В соответствии с работами З. Фрей­да, агрессия является реакцией инди­вида не на раздражение извне, а ре­зультатом действия его внутренних импульсов, которые непременно тре­буют выхода. Именно выход агрессии для человека и группы, по его мнению, приводит к враждебности и насилию (Фрейд З. Групповая психология и ана­лиз Эго, 1921). В психологии такой подход называется мотивационным, согласно ему личность или группа нуждаются во внешнем конфликте для решения своих внутренних проблем. В работах З. Фрейда этот подход полу­чил отчетливое воплощение.

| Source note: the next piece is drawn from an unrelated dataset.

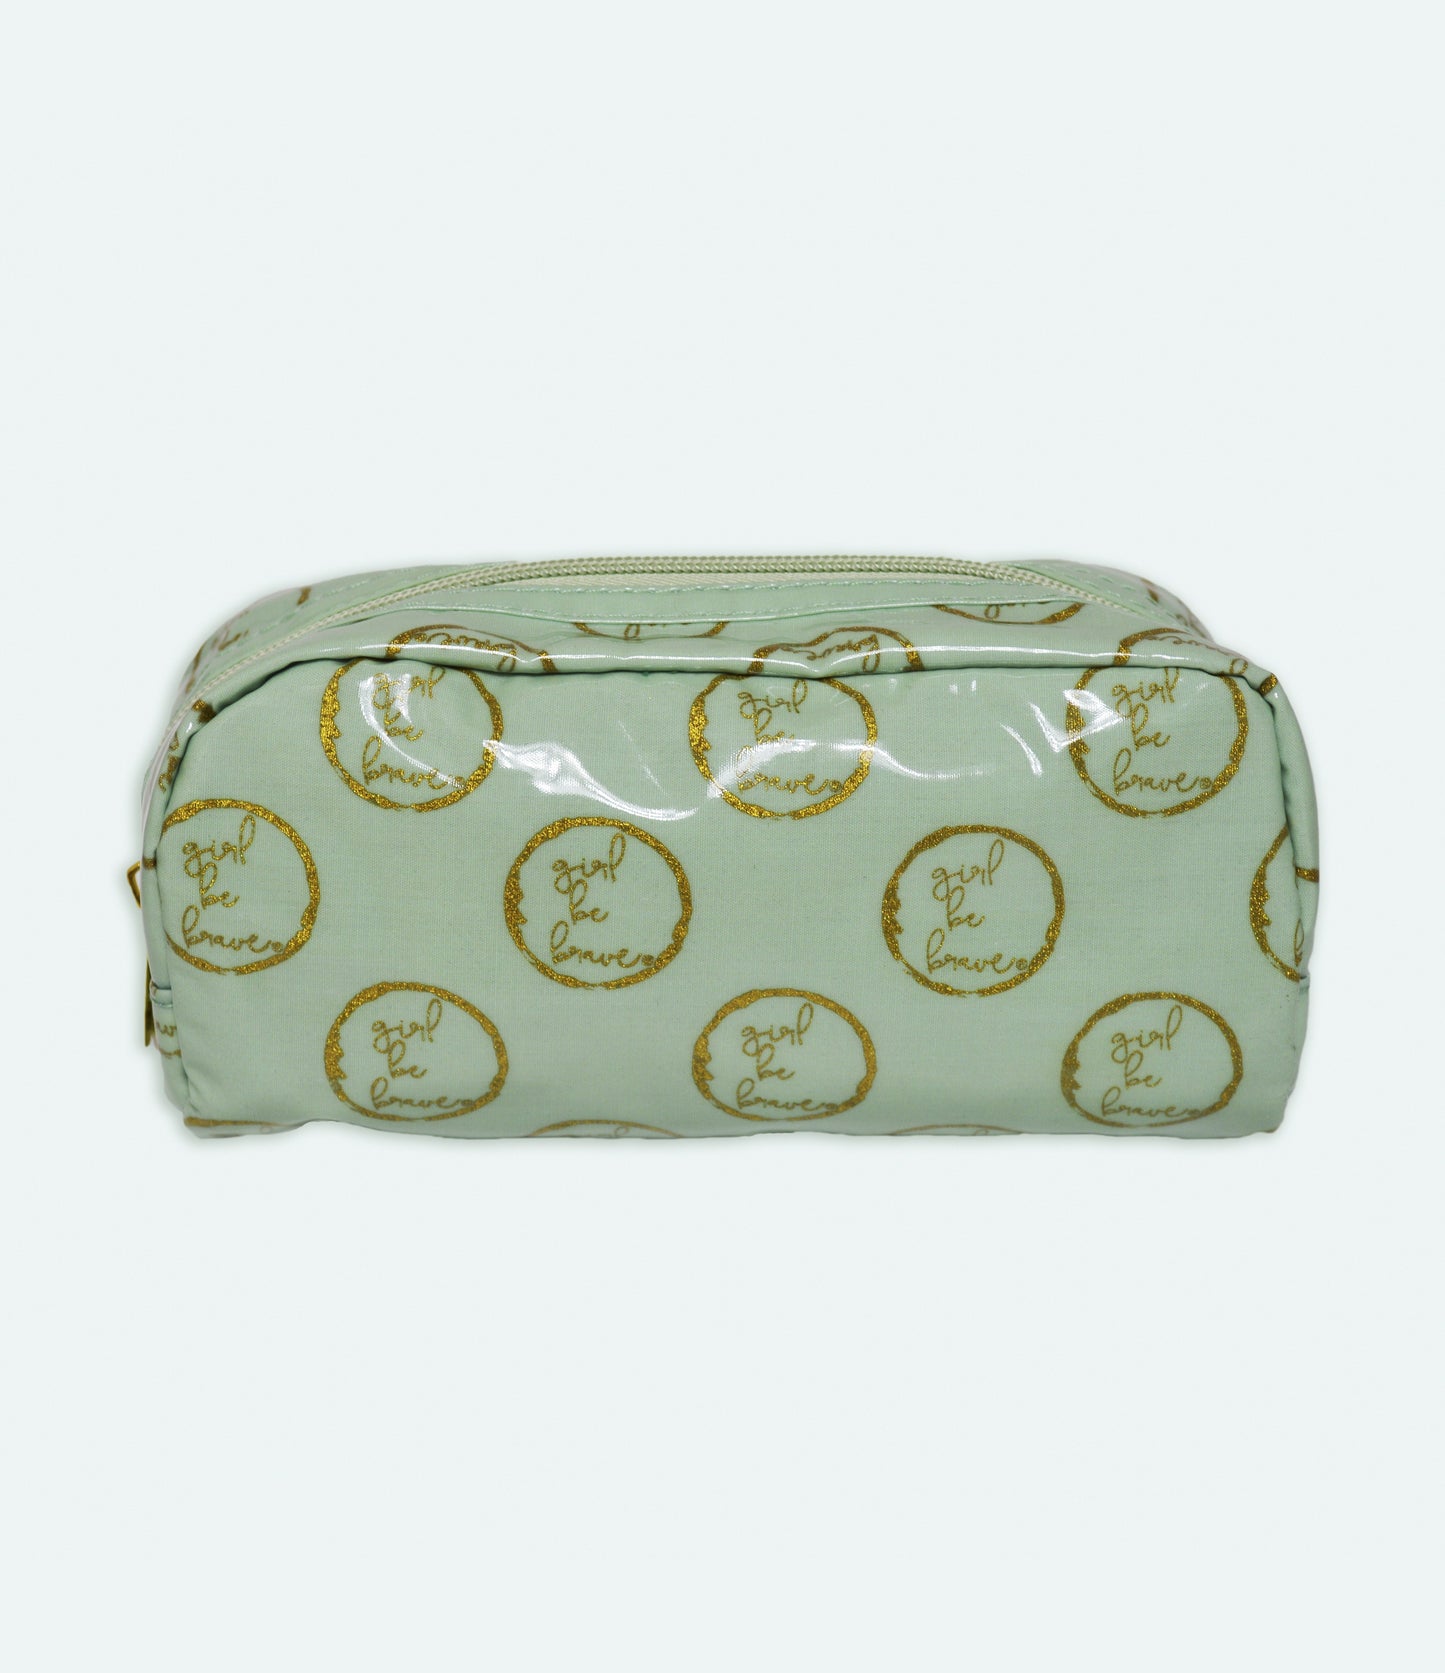 Girl Be Brave Cosmetic Bag

Его идея универсального характера враждебности по отношению к дру­гой группе как главного средства поддержания внутренней сплочен­ности и стабильности собственной группы была принята многими иссле­дователями в различных областях на­уки (К. Лоренц, С. Берковиц, А. Бан­дура, Л. Козер, Р. Дарендорф, Л. Крисберг, Р. Коллинз и др.).

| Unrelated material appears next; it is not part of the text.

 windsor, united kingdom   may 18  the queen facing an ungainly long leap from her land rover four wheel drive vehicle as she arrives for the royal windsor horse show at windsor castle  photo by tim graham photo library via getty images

Представители Франкфуртской школы (одного из течений в неомарк­сизме) Т. Адорно, Э. Фромм и Г. Маркузе также увидели причину возник­новения конфликтов и напряженнос­ти в обществе в самом человеке, открыв «авторитарную личность», по словам возглавляющего это направле­ние М. Хоркхаймера, – новый антро­пологический тип человека ХХ века.

Эрих Фромм, исследуя в 1931 г. представителей среднего класса Гер­мании, обнаружил у них наличие уста­новок, определяющих не только готов­ность к принятию тоталитарного ре­жима, но и потребность в нем. Причем подобные установки могли сочетать­ся с формально негативным отноше­нием к национал-социализму. Позже в своей знаменитой книге «Бегство от свободы» (1941) Э. Фромм впервые описал авторитарность как «соци­альный характер».

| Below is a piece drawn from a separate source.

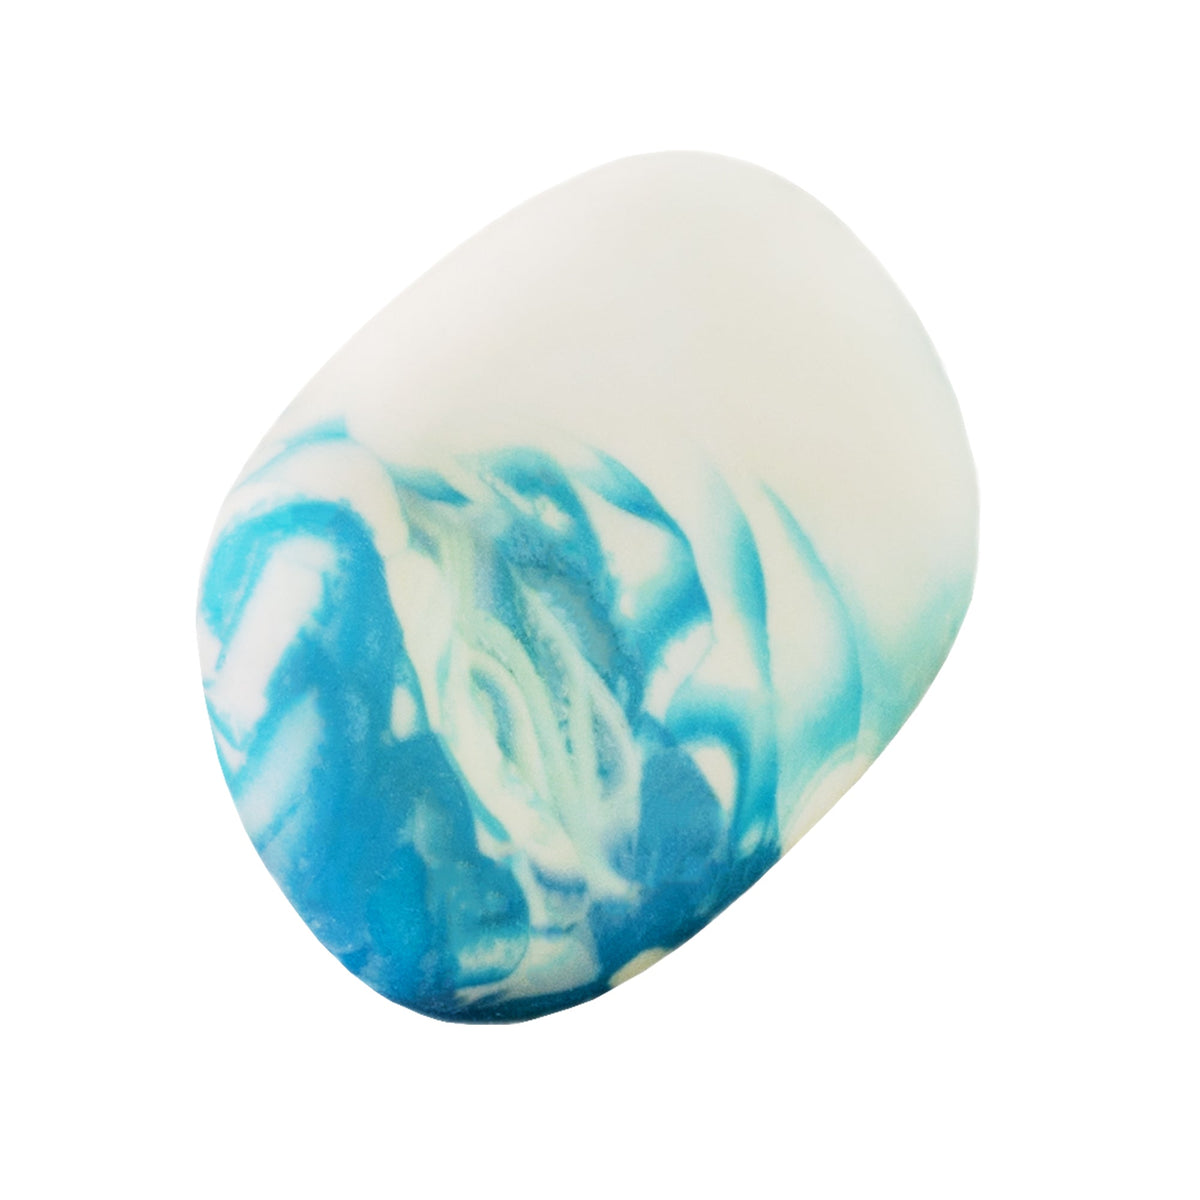 Pacific Arc, New Eraser: Wave - Soft plastic - blue and white

В масштабных исследованиях, про­веденных перед Второй мировой вой­ной представителями этой школы, склонность к ксенофобии и подвер­женность фашистской идеологии были выявлены в качестве устойчивых инди­видуальных особенностей авторитар­ной личности (Т. Адорно, Э. Френкель-Брунсвик, Д. Левинсон, Н. Сэнфорд). Среди ее основных характеристик были выделены следующие: консерва­тизм, потребность в сильном лидере, боязнь проявлять собственные чувства и страх утраты самоконтроля, предвзя­тость и стереотипность, деструктивность и цинизм, склонность проеци­ровать подавленную агрессию вовне (Adorno et al., 1950). Эти исследования на многие годы определили научный и общественный дискурс и дали до­полнительные аргументы для укрепле­ния парадигмы конфликта.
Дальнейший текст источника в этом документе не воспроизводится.